An Issue with Smallest Common Multiple

An Issue with Smallest Common Multiple
0

#1

Hi!
I was struggling with this challenge for a while and finally came up with a solution.
That sure is not elegant, but I am a beginner.

function smallestCommon(arr){
	let newArr = [];
	let max = Math.max(...arr);
	let min = Math.min(...arr);
	for (let i = min; i <= max; i++){
		newArr.push(i);
	}
	let fin = newArr
	 .sort((a,b)=>(a<b))//I used .sort() in order to decrease the number of computations (you'll get the lcm faster when 
	 //dealing with larger numbers), though I still can't come up with an idea how to quit the function when the lcm is found.
	 .reduce((a,b)=>(a*b/euclidianR(a,b)));
	 return fin;
//This is a function for the Euclid's Algorithm.
	function euclidianR(a,b){
	while(b !== 0) {
		let remainder = a % b;
		a = b;
		b = remainder;
	}
	return a;
}
}

So my question is how How could I stop executing the .reduce() when I get the needed value(LCM)?
i.e.: In case you deal with [2,10],
It takes less computations if you start with 10 (you’re done when you reach 7), then if you start with 2.

And one more thing.
Prior to that solution, I was trying to use the prime factorization.

This is an extract from my previous code.
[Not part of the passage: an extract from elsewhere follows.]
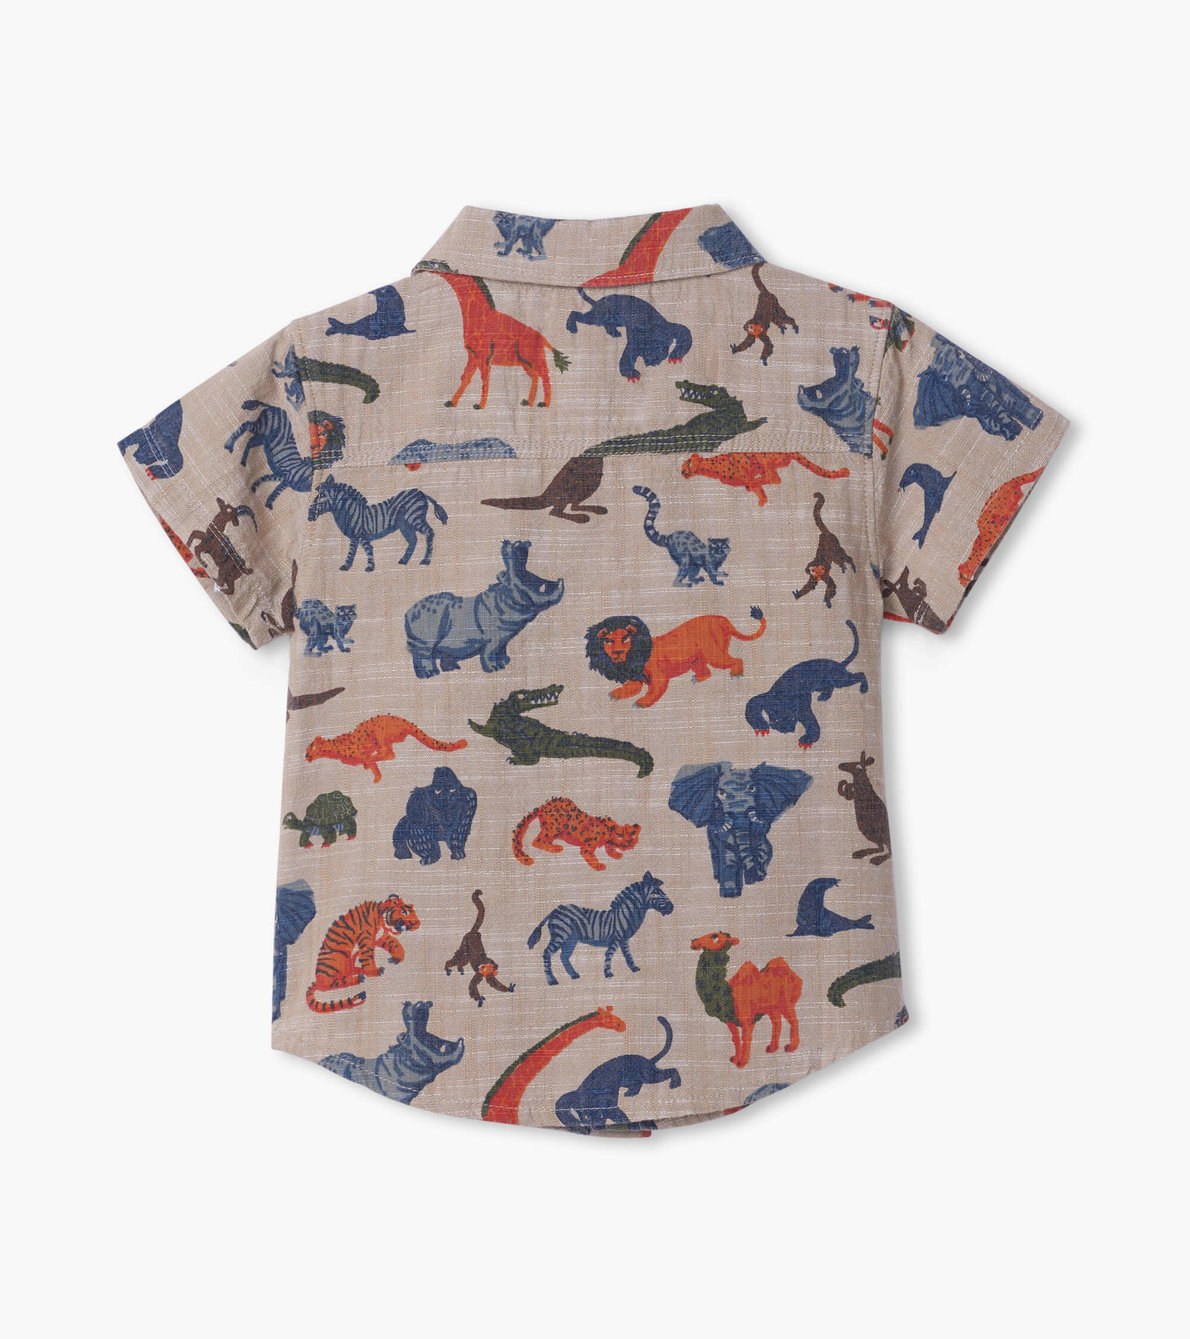 View larger image of Jungle Safari Baby Button Down Shirt
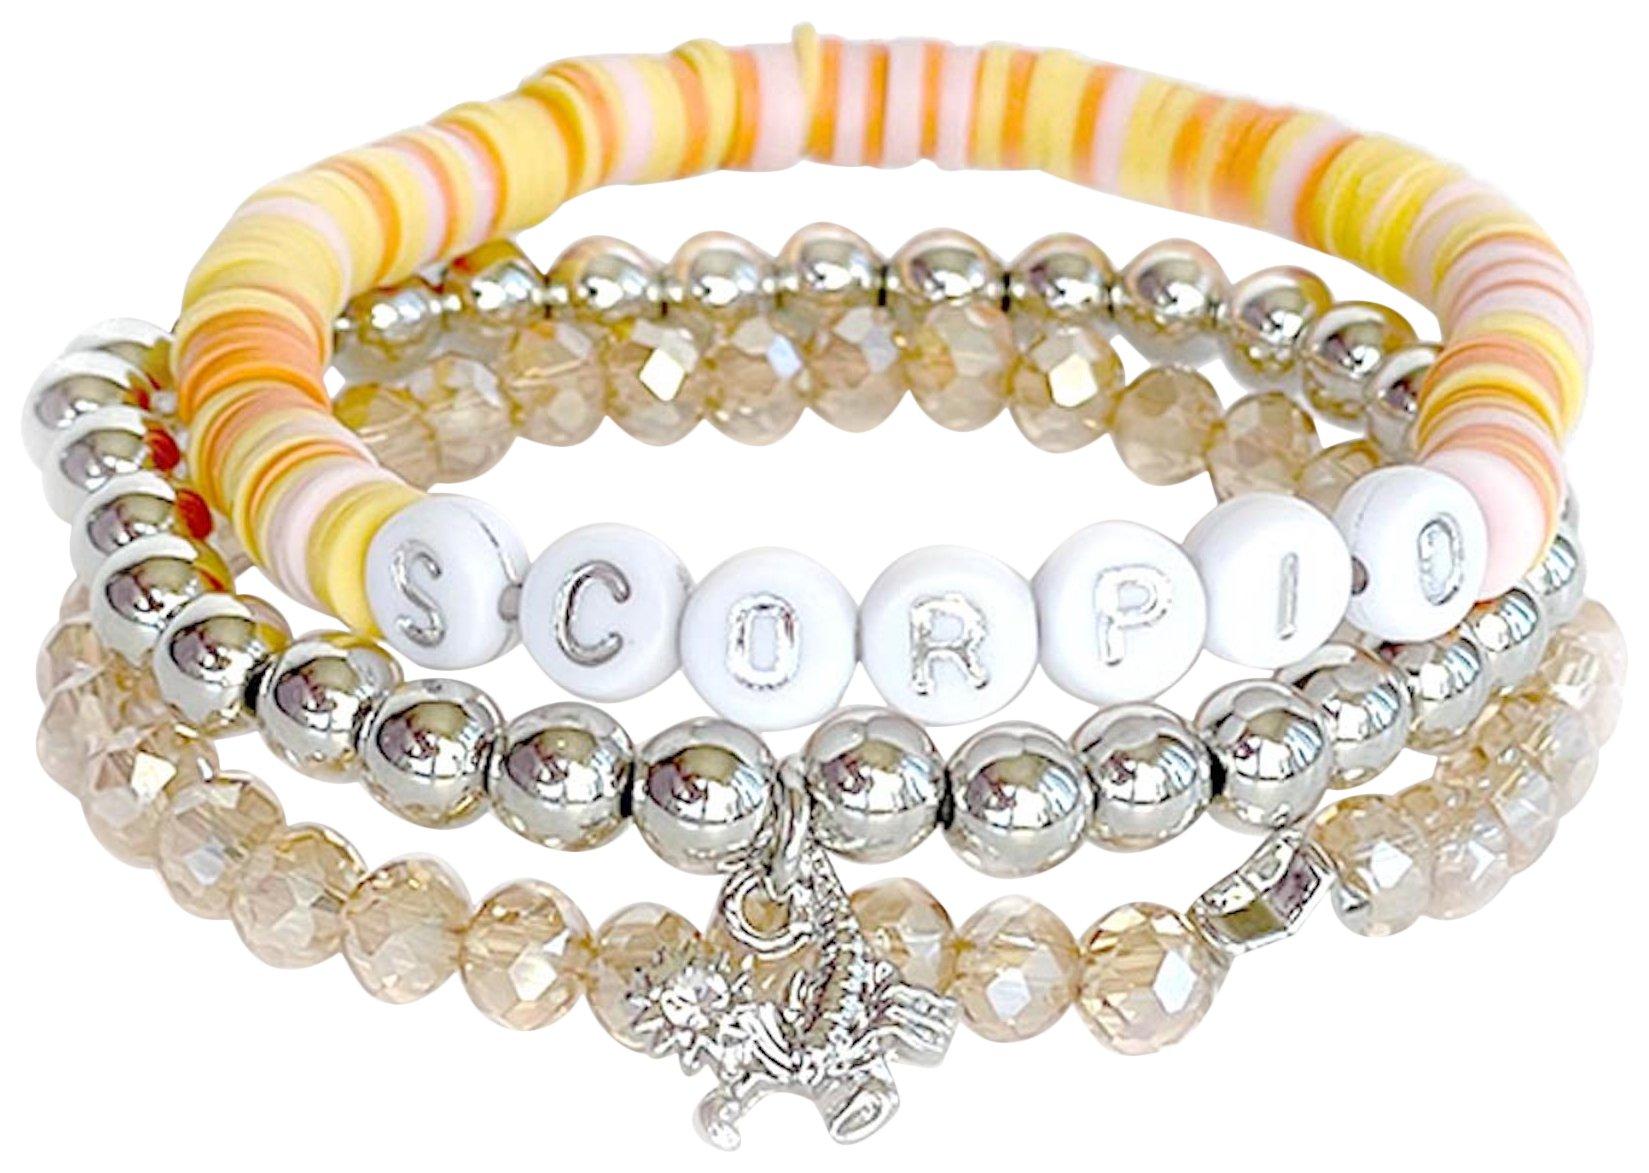 Jewelry Made By Me 3-Pc. 7 In. Scorpio Bead Bracelet Set

Suppose, we only have to deal with the lcm variable

let arr = [];
let lcm = [2,3,4,5,6,7,8,9,10];
lcm.forEach(function(x) {
    for (let i = 2; i <= x; i++) {
        if(x % i === 0) {
            let count = 0;
            while(x % i === 0) {
                x = x / i;
                count++;
            }
            arr.push([i, count])
        }
    }
})

and if you return the arr variable, you’ll get this:

[ [ 2, 1 ], [ 3, 1 ], [ 2, 2 ], [ 5, 1 ], [ 2, 1 ], [ 3, 1 ],
[ 7, 1 ], [ 2, 3 ], [ 3, 2 ], [ 2, 1 ], [ 5, 1 ]]

As you might notice, the second element of each subarray is an exponent for the first element.
Now all I have to do is to flatten this array, so that all unnecessary factors are not included. For example, in this case we only need two “3”-elements.

How could this be done?
Thank you .